I do, however, totally agree with your first statement; "Dislike buttons create peer pressure and negative sentiment".. which is why I feel dislike buttons should be avoided altogether.
Visible dislikes can be used this way too. Avoiding them altogether? I could get behind that idea.
 
Visible dislikes can be used this way too. Avoiding them altogether? I could get behind that idea.
Yep, avoid dislikes altogether. In fact, avoid "Likes" too, and for the same reasons - they're nothing more than opinion and can be abused by anyone using "herding" tactics. Mankind survived quite well before Likes and Dislikes came along.
 
While I agree with your message of "others have different opinions", it's little more complex here, as these "buttons" are used to elevate/suppress content ... which is very reality distorting
Wait, they’re using comment dislike buttons to recommend content? That makes no sense given that comments can be wildly off topic to the actual post.
 
Like/dislike buttons are actually the most insufficient communication tool on the web. Pretty much every time the context of whatever is communicated in the article is so complex, you can’t just cramp a persons perspective into a yes/no or good/bad response.

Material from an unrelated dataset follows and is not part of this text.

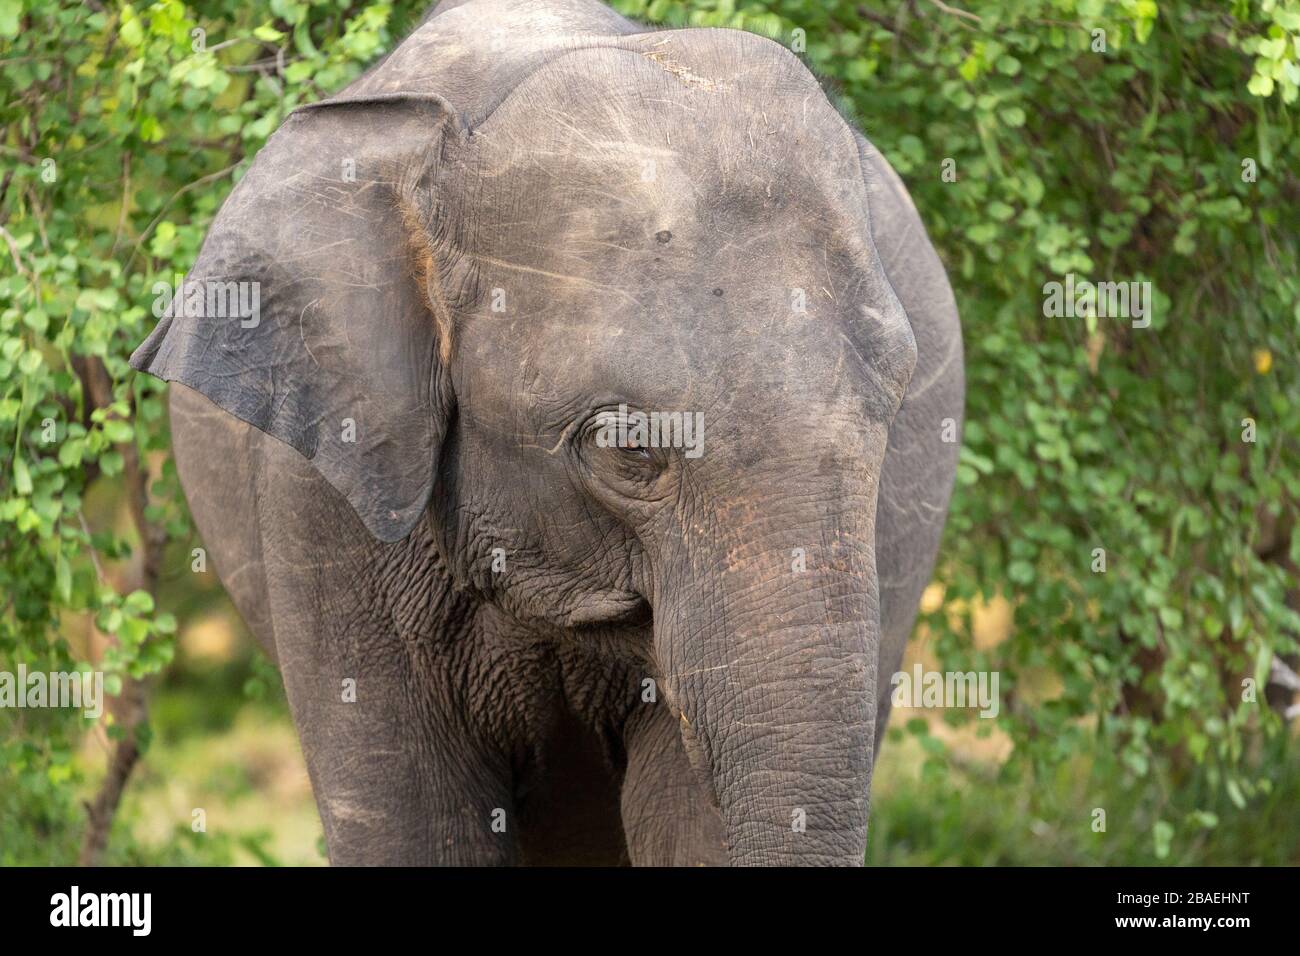 Detalle de un elefante en el Parque Nacional Minneriya, Sri Lanka Foto de stock
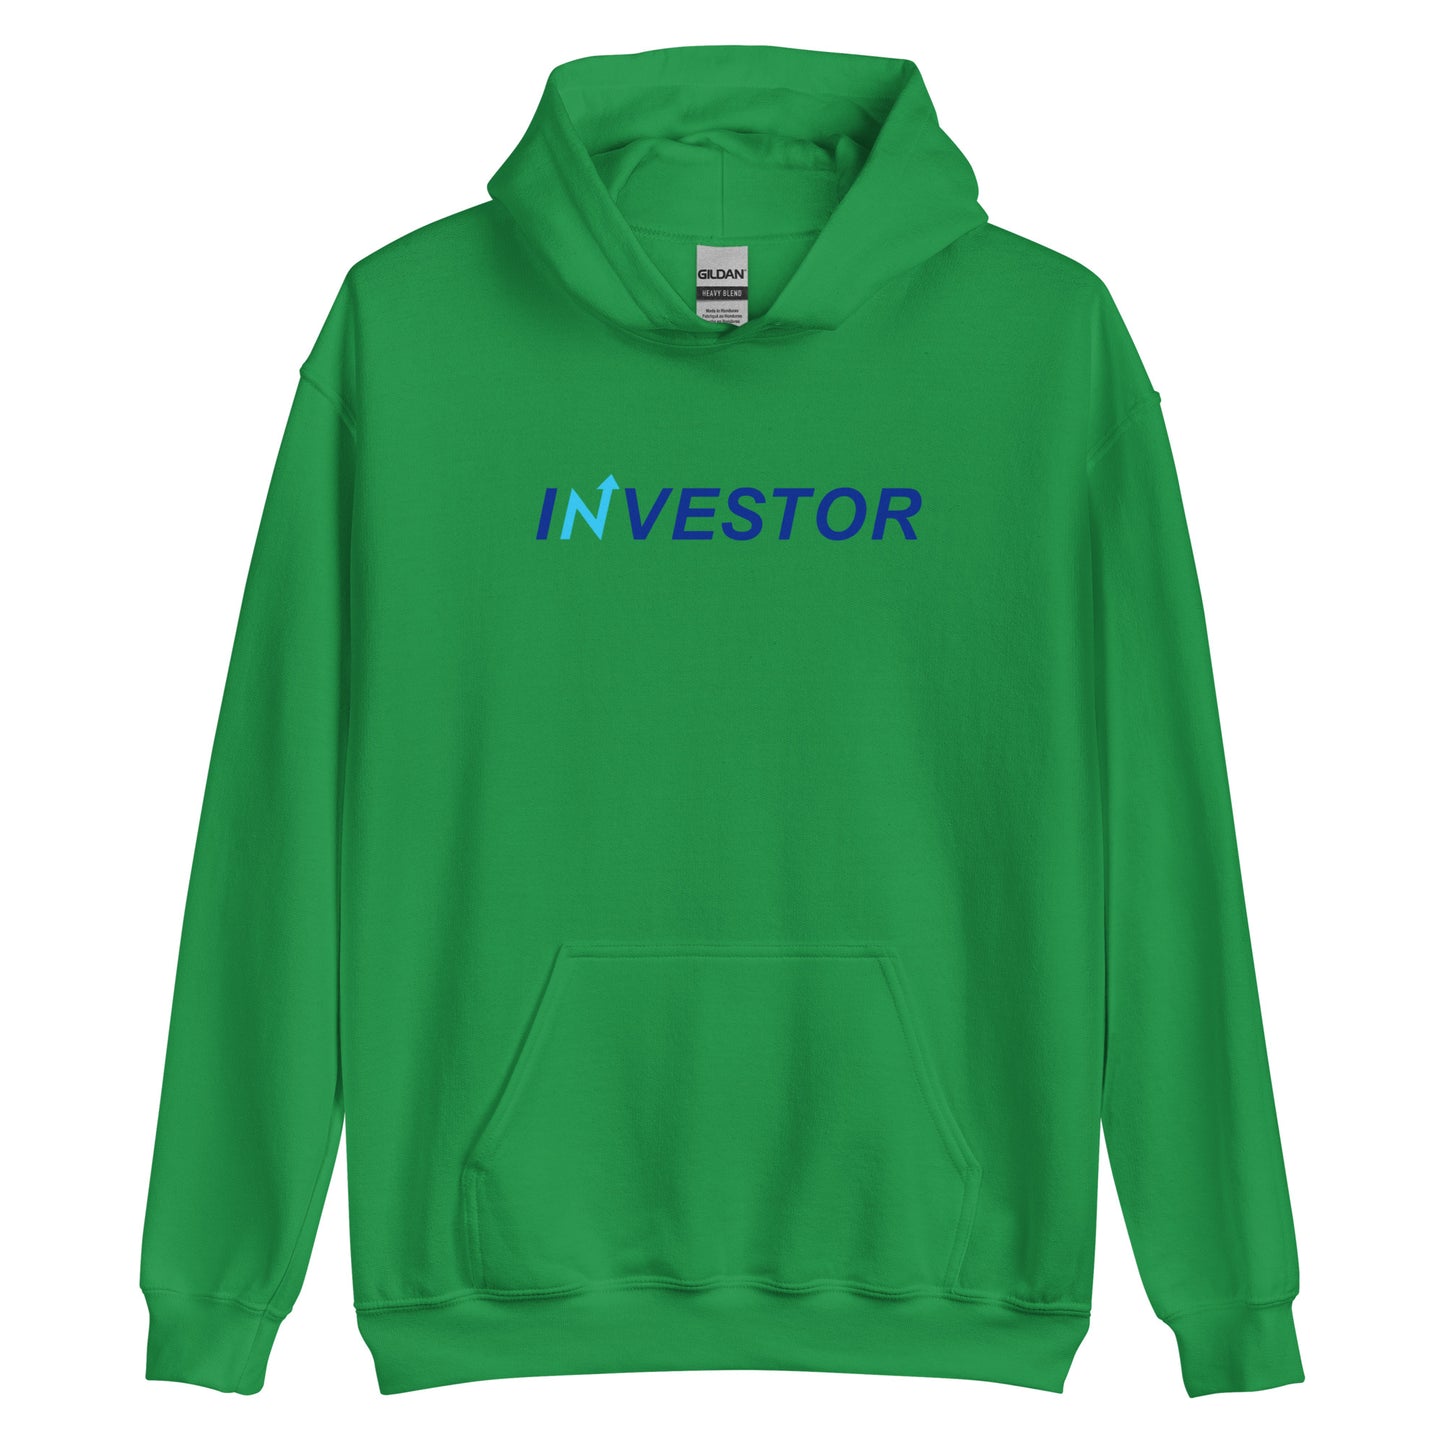 iNvestor Unisex Hoodie

Just as an example, check the news pages and perhaps some catastrophic events or accident on SocialMedia. You are going to find thousands of likes for an event where even maybe human beings lost their lives. That’s absolutely insane.
Indeed. We have MS Teams at work, and someone from my department wrote "I'm not going to be in the office today: my wife's in hospital", to which someone else clicked Like. I asked what in the world was like-worthy about that. "Oh, I don't actually like it, I just meant that I've read it". Would it have hurt to spend a few seconds to type something like "I hope she gets well soon?" or similar?

Star ratings are another annoyance. Something I remember is when I'd bought a movie from Amazon AU. The movie in question was fairly violent, and it had an uncensored version (as screened in the US and here in NZ) and a censored one (UK). The version from AU ended up being the censored version. I wanted to put a comment on the product page so that people were aware of what they were buying, but you can't just do that. "You must give your post a star rating". At least it wasn't TornadoGuard.